2 tbsp vegetable oil
1 onion (chopped)
2 garlic cloves (crushed)
300g minced chicken (quorn in my world!)
1tsp ground cumin (optional)
500g cooked wholegrain rice
grated rind 1 lemon
2tbsp freshly chopped dill (optional)
1 medium egg (beaten)
salt and ground black pepper
2 large red and 2 yellow peppers (halved and deseeded)
500g jar of tomato sauce
Preheat the over to 200C, 400F, Gas 6.
Heat the oil in a large pan and add the onion and garlic and cook until soft.
Add the minced chicken (quorn), paprika and ground cumin.
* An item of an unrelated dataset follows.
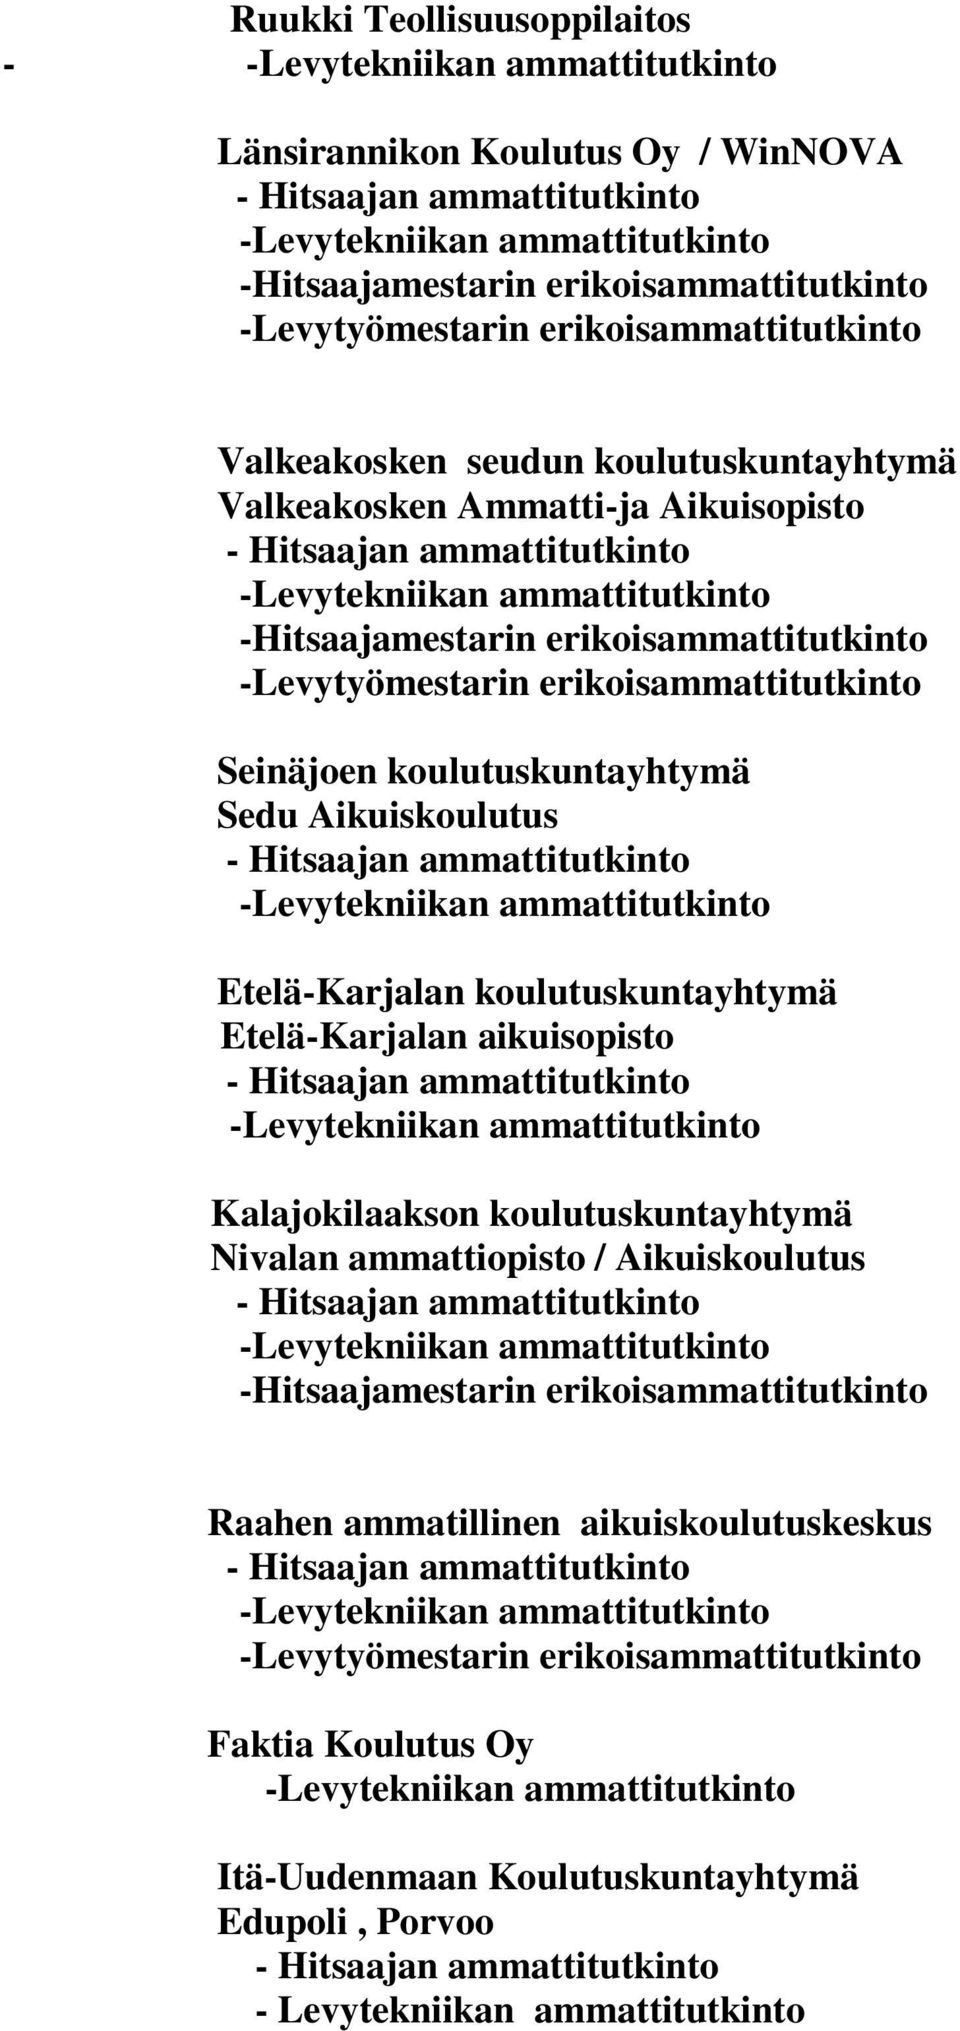 koulutuskuntayhtymä Etelä-Karjalan aikuisopisto Kalajokilaakson koulutuskuntayhtymä Nivalan ammattiopisto /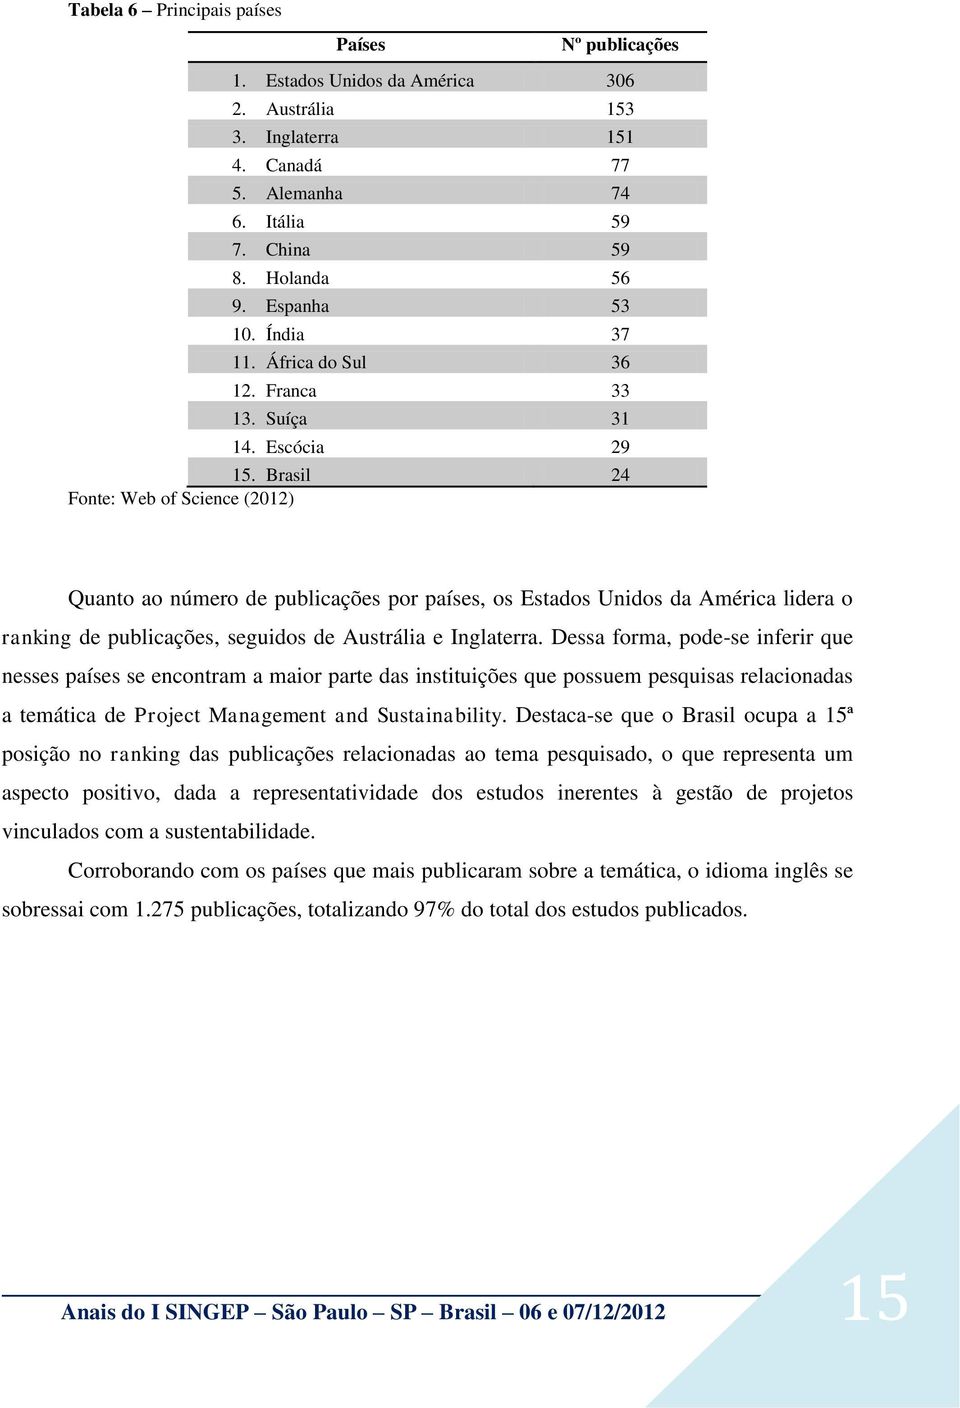 Brasil 24 Fonte: Web of Science (2012) Quanto ao número de publicações por países, os Estados Unidos da América lidera o ranking de publicações, seguidos de Austrália e Inglaterra.

Stirring occasionally, cook for 2-3 minutes or until golden brown.
Add the cooked rice, grated lemon rind and chopped dill and stir fry for 2-3 mintues.
Remove from the heat and cool slightly before adding the beaten egg. Season well and mix together.
Spoon the stuffing into the hollowed out peppers, pushing it down well with the back of the spoon and place in a greased ovenproof dish and pour over the jar of tomato sauce.
Cover with foil and bake in the over for 30-40 minutes until cooked through and serve the peppers garnished with chervil.
I didn't have chervil and it worked just fine. Although I also used marrow instead of peppers and was pleased with how it came out.
And it both froze well and reheated nicely in the oven.